Best for: Engineers and technical founders stuck on an API call that should work.
---
name: api
description: >
Deepgram API reference for speech-to-text, text-to-speech, voice agents, audio intelligence,
and account management. Use whenever building with Deepgram APIs — REST or WebSocket. Covers
authentication, all endpoints, query parameters, request/response schemas, and WebSocket
message formats. Reference files are organized by domain: listen (STT), speak (TTS), agent
(voice agents), read (text/audio intelligence), models, projects, auth, and self-hosted.
---
# Deepgram API
Build with Deepgram's speech-to-text, text-to-speech, voice agent, and audio intelligence APIs.
## Getting Started
All API requests require authentication via API key or JWT:
- **API Key**: `Authorization: Token <API_KEY>`
- **JWT**: `Authorization: Bearer <JWT>`
Base servers:
- REST & STT/TTS WebSocket: `https://api.deepgram.com`
- Voice Agent WebSocket: `https://agent.deepgram.com`
## How Deepgram's APIs Fit Together
```
┌──────────────────────────────┐
│ api.deepgram.com │
└──────────────────────────────┘
│
┌──────────────┬──────────────┼──────────────┬──────────────┐
▼ ▼ ▼ ▼ ▼
/v1/listen /v2/listen /v1/speak /v1/read /v1/projects/*
Nova — ASR Flux — conv. TTS Text AI Management
REST or WSS WSS only REST or WSS REST only REST only
┌──────────────────────────────┐
│ agent.deepgram.com │
└──────────────────────────────┘
│
▼
/v1/agent/converse
WebSocket only
audio ──▶ STT ──▶ LLM ──▶ TTS ──▶ audio
(Deepgram orchestrates the full pipeline)
```
## Which API Should I Use?
```
Audio → text (transcription)?
├─ General-purpose transcription (captions, batch, call logs, live streams with custom turn logic)
│ └─ Nova models via /v1/listen
│ ├─ Pre-recorded file → REST POST https://api.deepgram.com/v1/listen?model=nova-3
│ └─ Live stream → WSS wss://api.deepgram.com/v1/listen?model=nova-3
│
└─ Conversational audio / voice-agent-style turn detection
└─ Flux models via /v2/listen
└─ Live stream → WSS wss://api.deepgram.com/v2/listen?model=flux-general-en
Text → audio?
├─ One-shot → REST POST /v1/speak
└─ Low-latency stream → WSS wss://api.deepgram.com/v1/speak
Full conversational voice agent (audio in, audio out)?
└─ WSS wss://agent.deepgram.com/v1/agent/converse
Deepgram handles STT + your configured LLM + TTS internally
Analyze text for insights?
└─ REST POST /v1/read
(summaries, sentiment, topics, intents)
```
## Speech-to-Text: Nova (`/v1/listen`) vs Flux (`/v2/listen`)
Both model families are actively maintained and industry-leading.
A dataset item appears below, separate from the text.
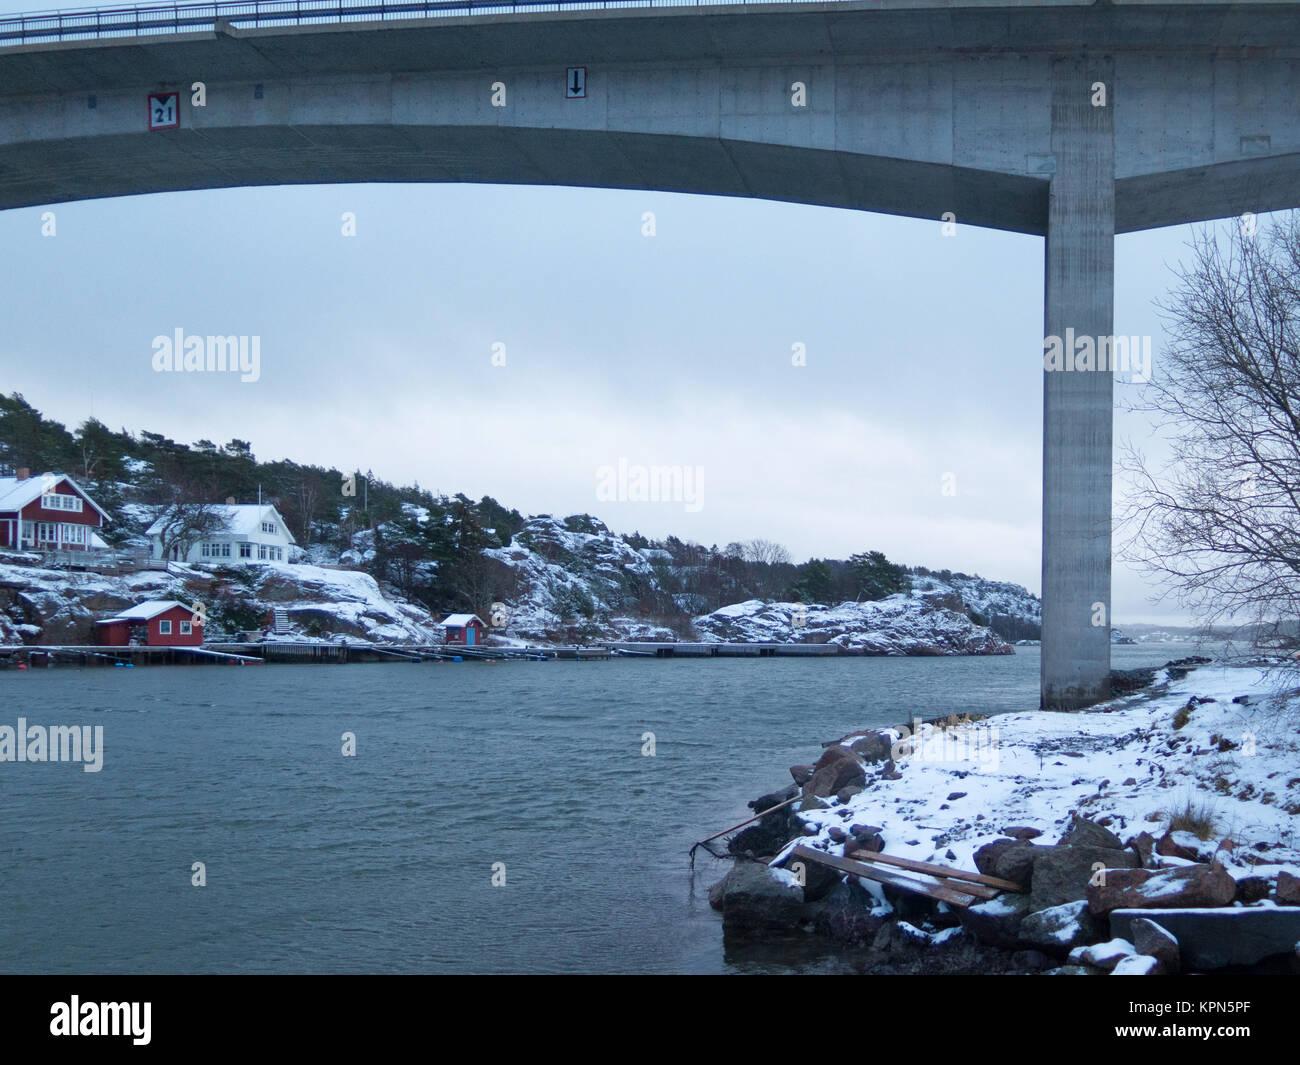 the bridge between orust and tjorn - Stock Image

They solve different problems — pick the one that matches your use case.
| | Nova (`/v1/listen`) | Flux (`/v2/listen`) |
|---|---|---|
| Endpoint | `/v1/listen` | `/v2/listen` |
| Available models | `nova-3`, `nova-2`, `nova`, `enhanced`, `base` | `flux-general-en` |
| Best for | General transcription — captions, subtitles, call logs, batch | Conversational audio — voice agents, interactive assistants, turn-taking UIs |
| Output | Continuous transcript stream | Structured turn events + transcripts (built-in turn state machine) |
| Turn detection | Manual (`utterance_end_ms`, VAD events) | Built-in (EOT, eager-EOT, turn_index) |
| Transports | REST + WebSocket | WebSocket only |
| Intelligence overlays | Yes — `summarize`, `sentiment`, `topics`, `intents`, `diarize`, `redact`, etc. | No — smaller focused param set; no `smart_format` / `diarize` / `punctuate` |
| Mid-session reconfig | No (reconnect to change) | Yes (`Configure` message updates EOT thresholds + keyterms live) |
**Pick Nova (`/v1/listen`, `model=nova-3`) when:**
- Generating captions, subtitles, or transcripts for recorded media
- Running batch transcription over files (REST)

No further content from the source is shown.